Moscow brings plant import ban to EU

  • 2004-09-09
  • From wire reports
TALLINN - The head of the Estonian Plant Production Inspectorate has said that no early settlement could be expected concerning a Russian ban on the import of Estonian products with plant origin, as Moscow has now taken the subject to the European Union level.

"Russia has sent a big questionnaire on this to all the EU member states, and meetings are already taking place in Moscow on the EU level," the director of the Estonian inspectorate, Roland Nymann, told the Baltic News Service on Sept. 3. "The question is how the transit of goods from third countries to Russia via the European Union is being handled," he said.
Thus the Russian ban on the import of plant products from Estonia has become a wider issue concerning all trade between the EU and Russia, as well as matters of food control, said the Estonian official.

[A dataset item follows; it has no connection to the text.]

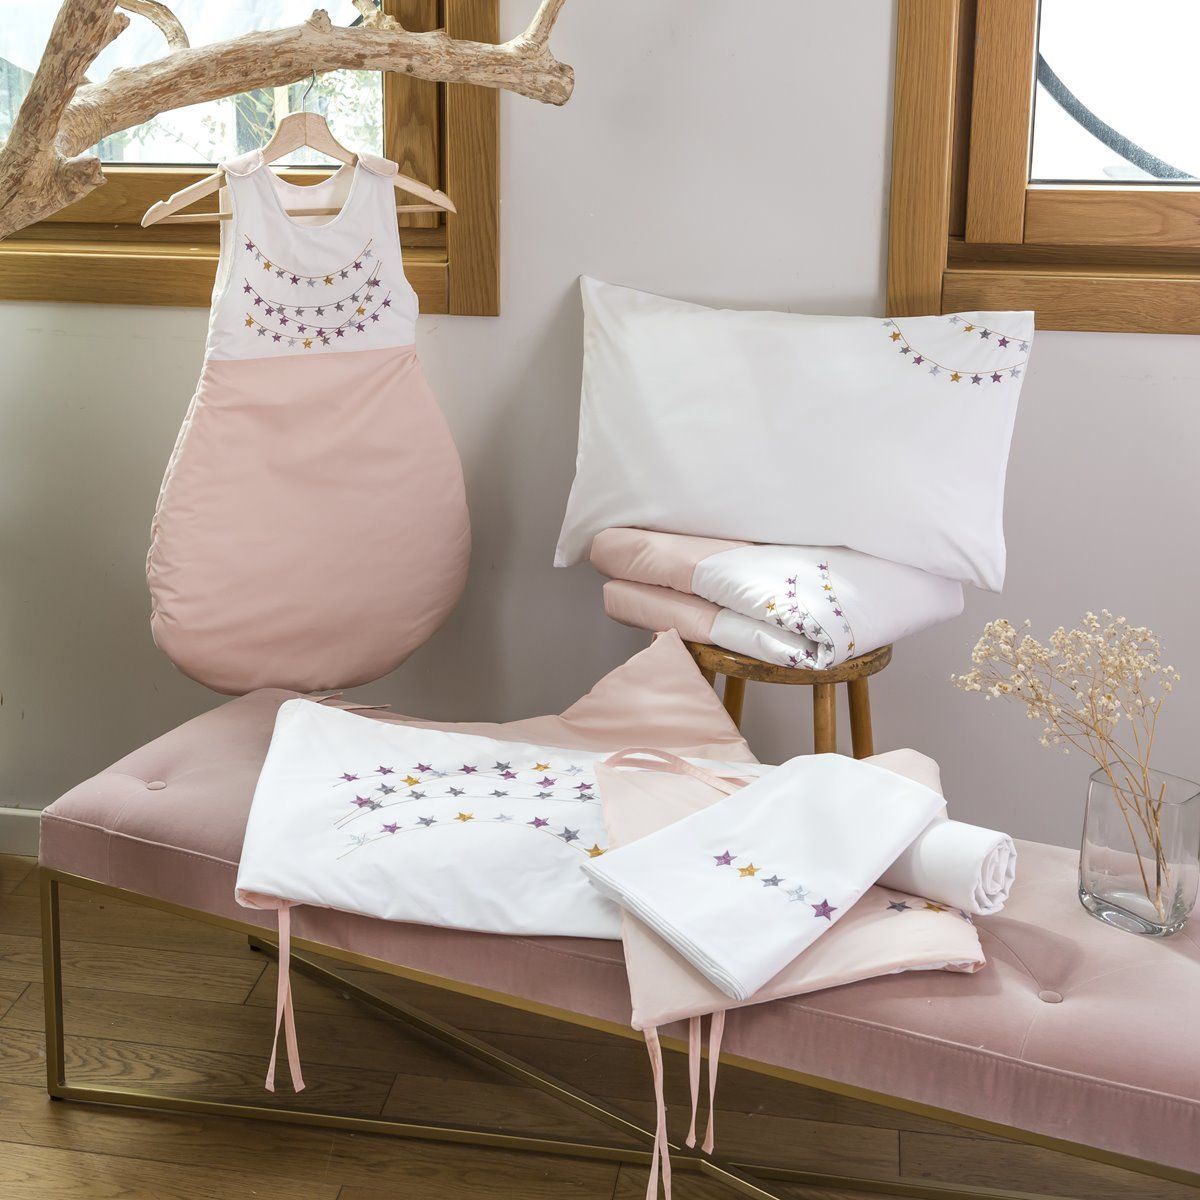 Baby bed linen - Estrella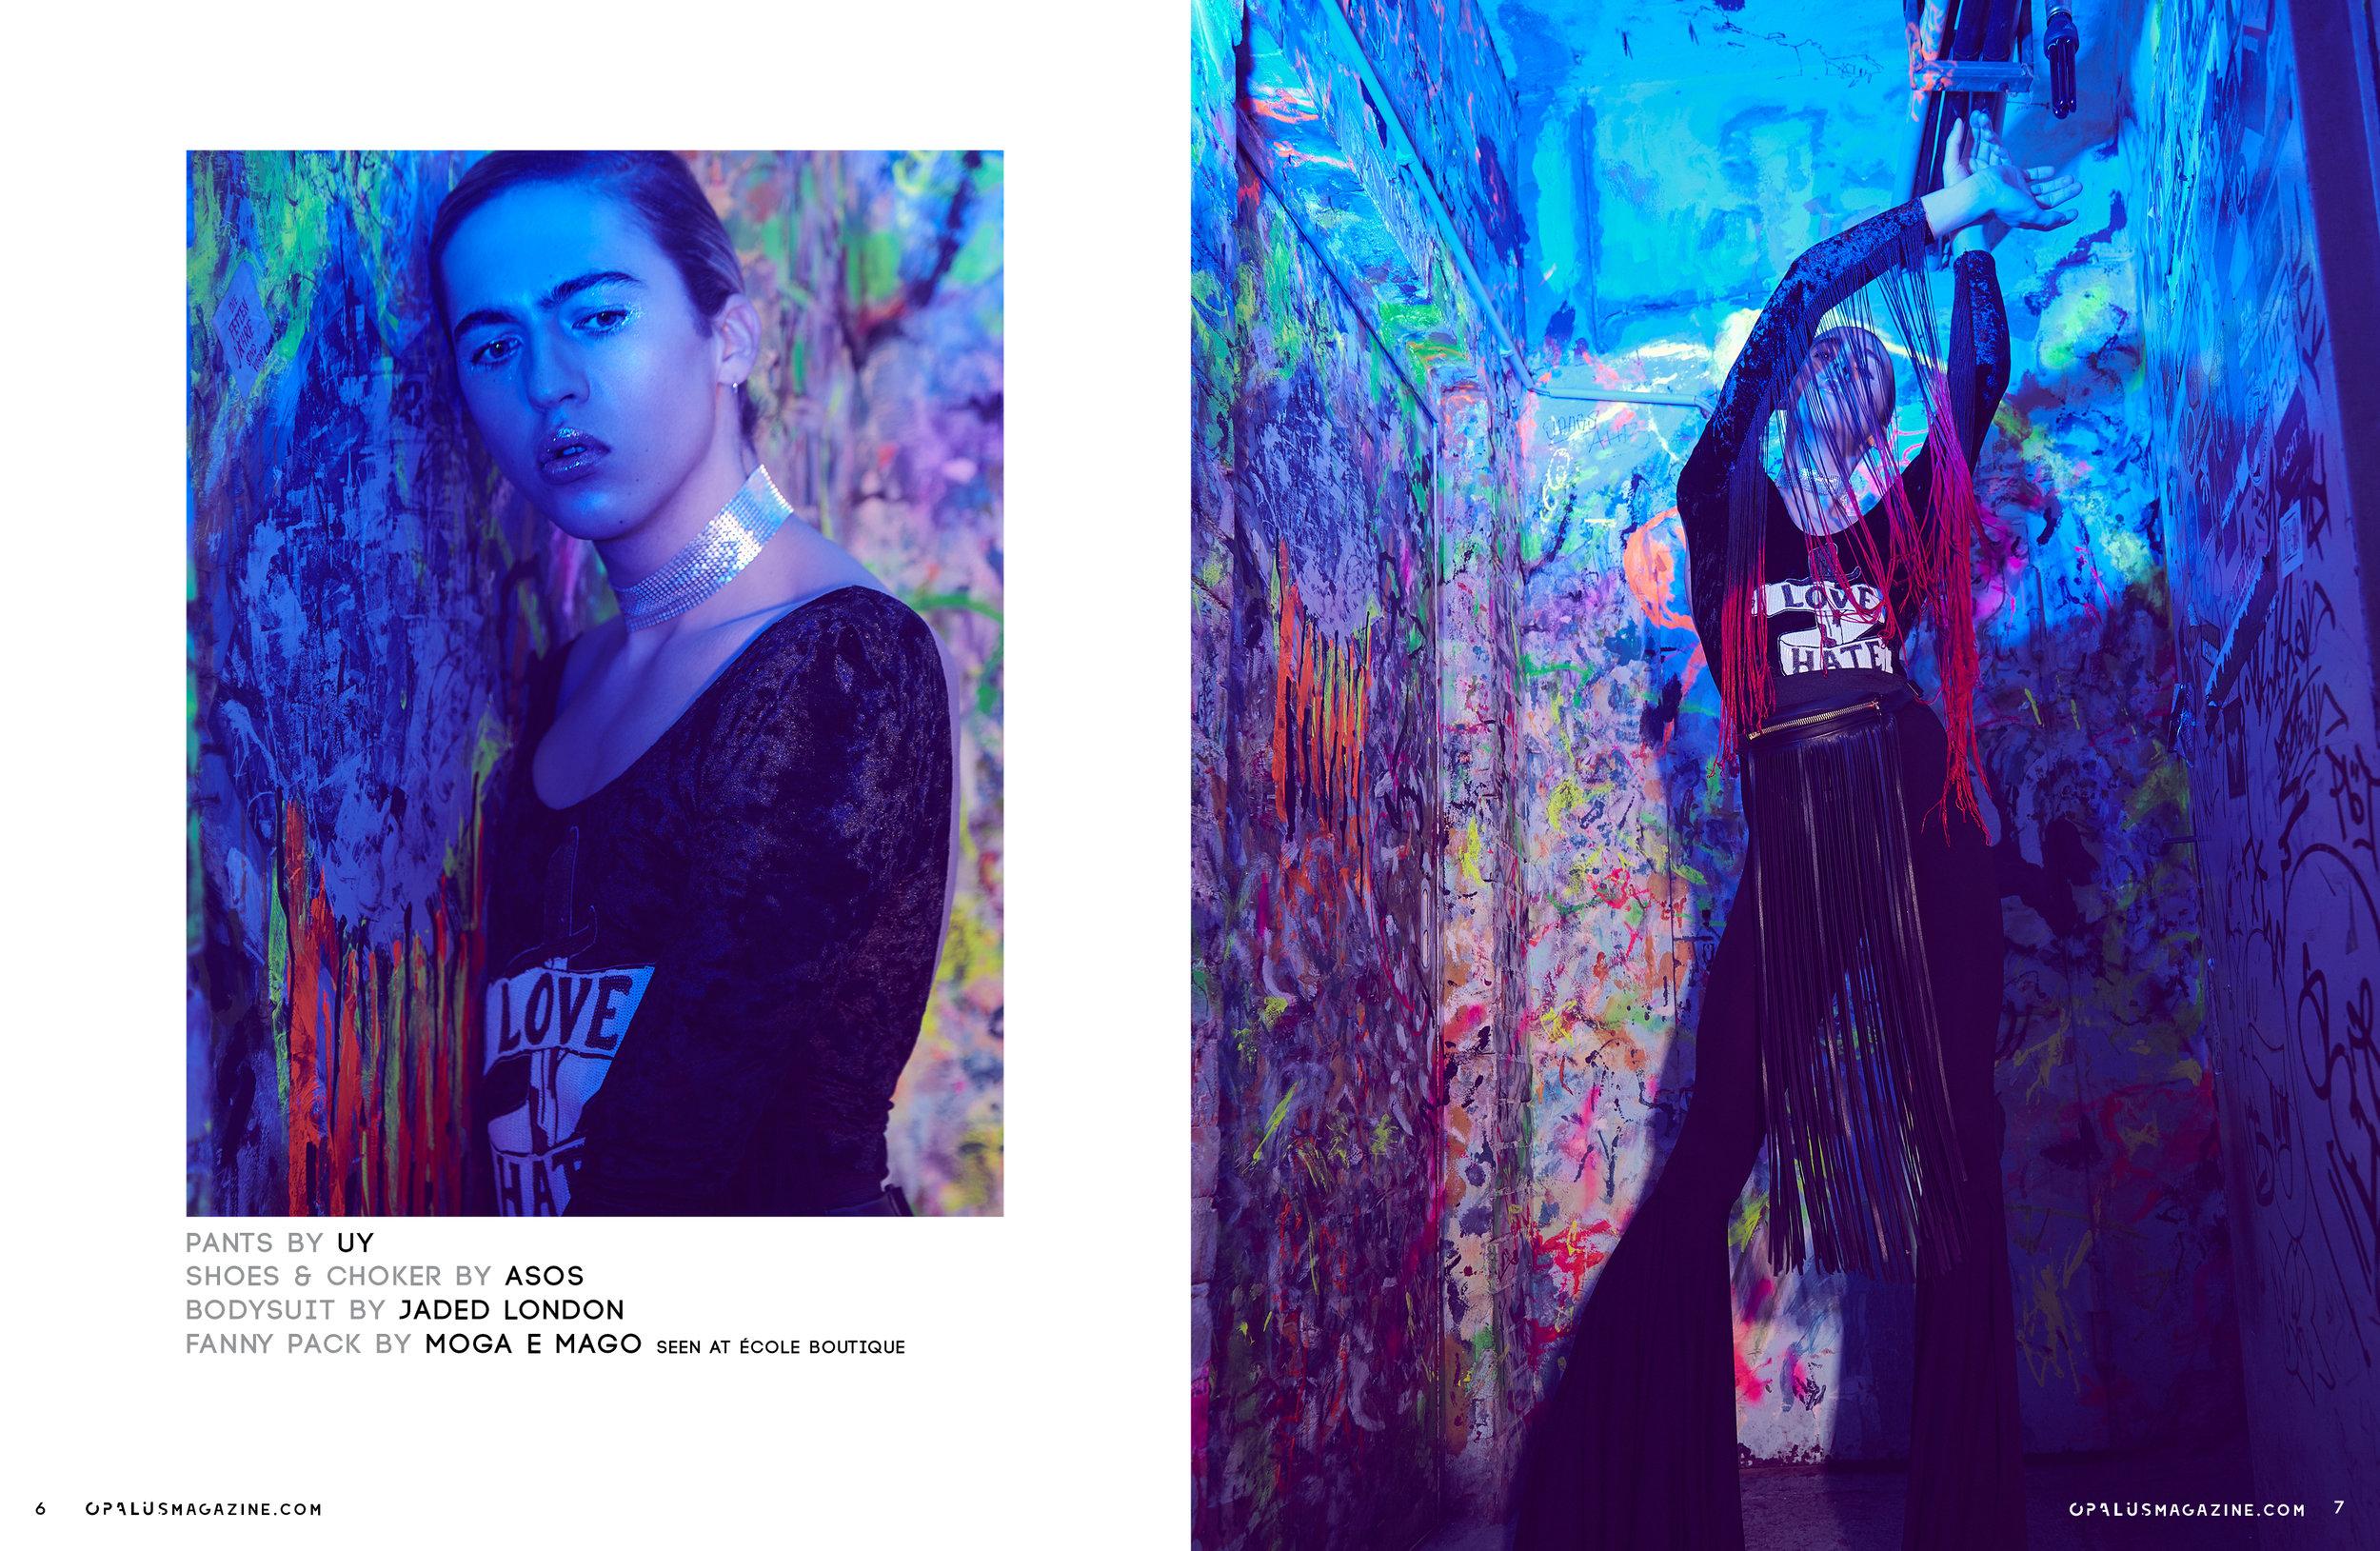 OPALUSMagazine_newDisco4.jpg

"Of course all of this is nine-tenths politics, it's about a wish to show us our place," Nymann said. "A violation by an Estonian company just served as incentive for them, yet in any event Russia has overreacted and has breached conventions."
The Russian Veterinary and Phytosanitary Control Service as of Aug. 13 banned import from Estonia of all goods subject to phytosanitary control after plant pests were allegedly found in a batch of South American and Israeli flowers shipped to Russia via the Baltic country.